Recent studies have shown that narcolepsy with cataplexy is usually caused (>90%) by the lack of two related brain chemicals called "hypocretin-1" and "hypocretin-2". The cause of narcolepsy without cataplexy is still under investigation.

Hypocretins (orexins) were discovered by two groups of researchers almost simultaneously, hence the two names "hypocretins" and "orexins". The first group called them "hypocretin-1" and "hypocretin-2" after discovering that the molecules were found only in the hypothalamus and had some weak resemblance with the gut hormone secretin. Only 10,000-20,000 cells in the entire human brain (out of many billions) secrete these specific hypocretin molecules. The hypothalamus, a region localized deep in the base of the brain, regulates many basic functions such as the release of hormones, blood pressure, sex, food intake regulation and sleep. The subregion of the hypothalamus containing the hypocretin cells was known to be especially important for the regulation of feeding. These molecules were thus first hypothesized to be important in feeding regulation. In fact, the second group that discovered the hypocretin molecules called them "orexin A and orexin B" (from orexis=appetite) and suggested that they stimulated appetite. Orexins and hypocretins are thus interchangeable terms and the scientific community is divided on what is the best name to use.
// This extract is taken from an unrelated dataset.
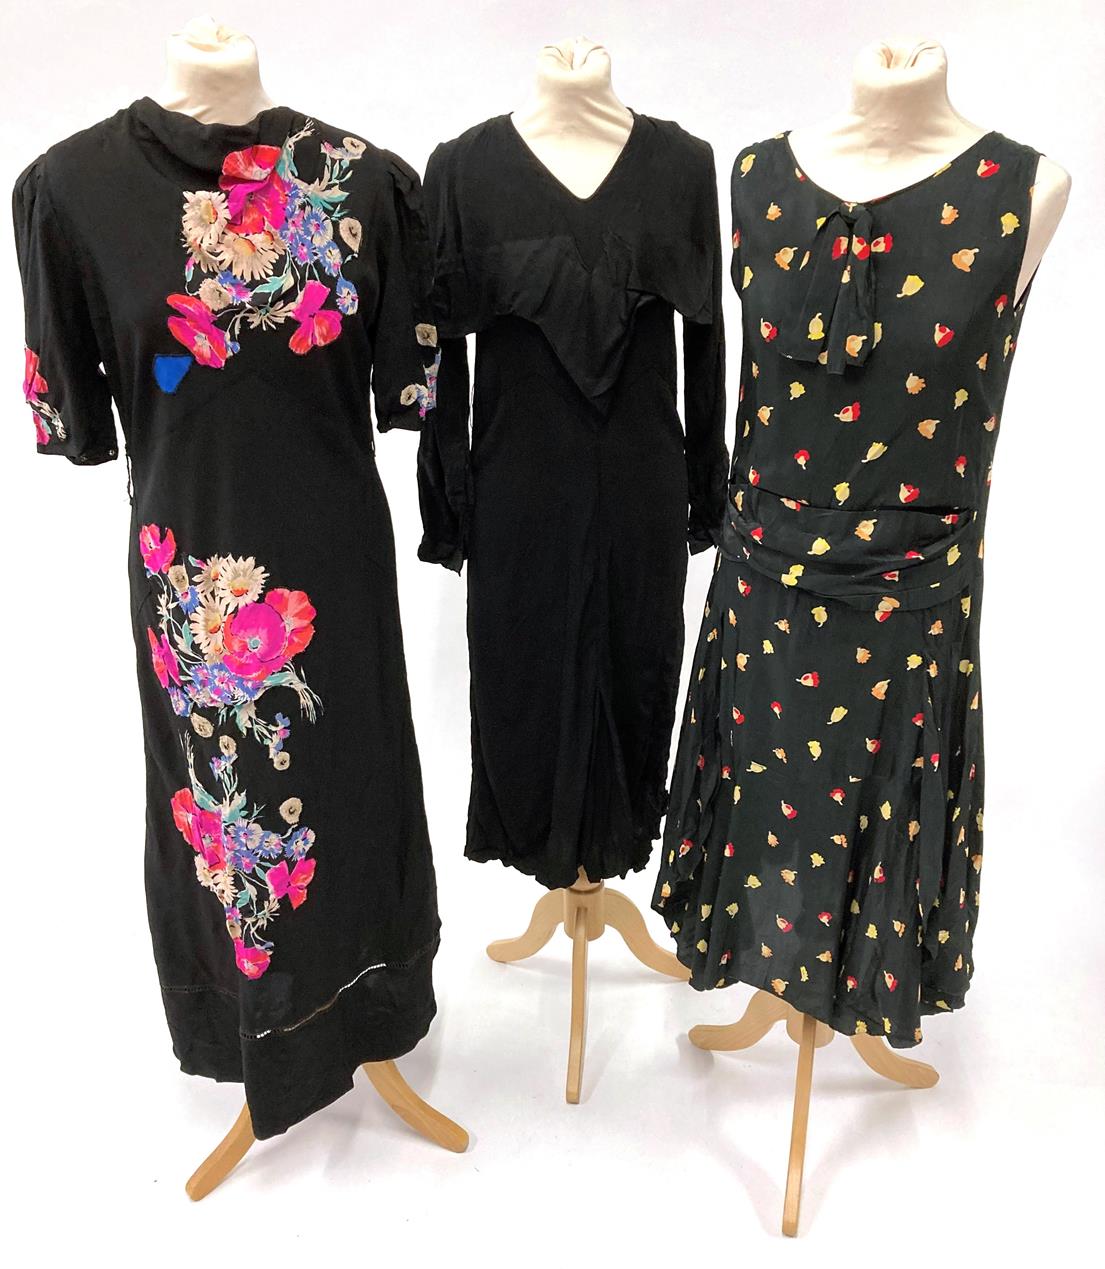 Lot 2035 - Circa 1920/30s Evening Dresses, comprising a black silk sleeveless dress with drop waist,...
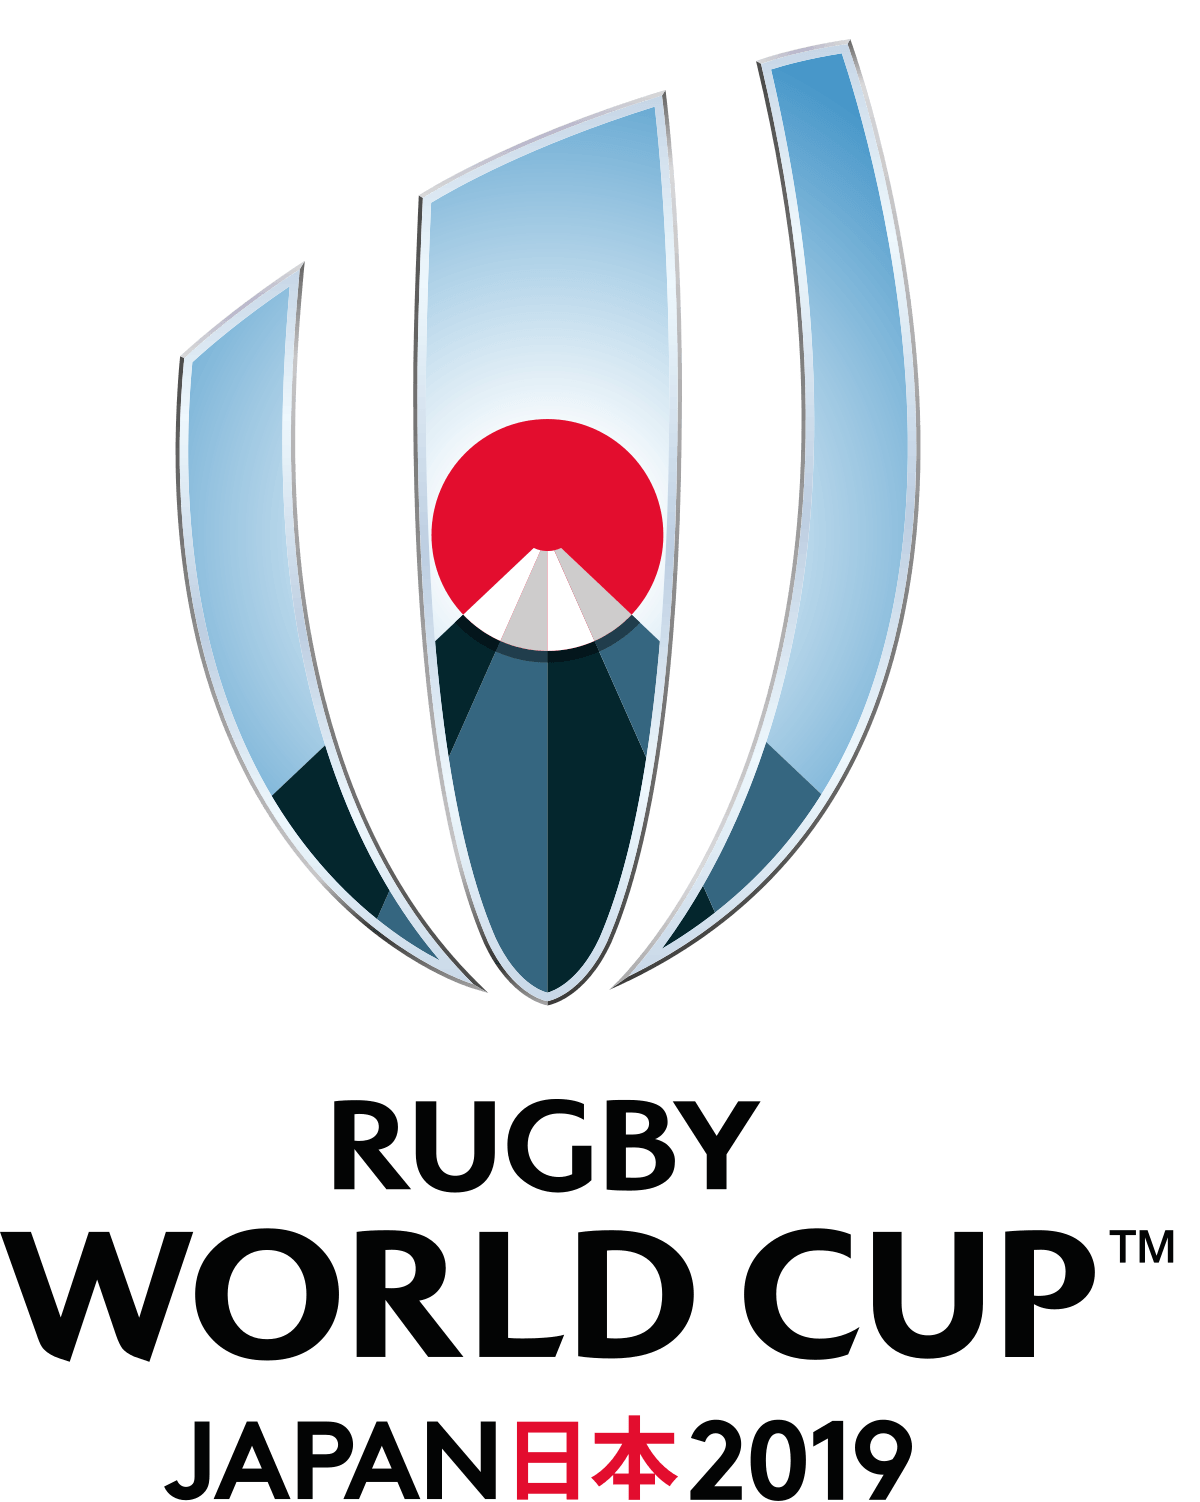 RWC Logo - 2019 Rugby World Cup

Recent studies have shown that the hypocretin-containing cells are missing in the brain of narcoleptic patients. The most likely explanation may be that the cells are destroyed by an autoimmune attack.

Hereditary Risk

Most cases of narcolepsy have no other family members affected with narcolepsy and the risk is very small. If you have narcolepsy-cataplexy, the risk for your child to develop narcolepsy-cataplexy is only 1-2%. The risk of developing daytime sleepiness without cataplexy may be slightly higher (4%).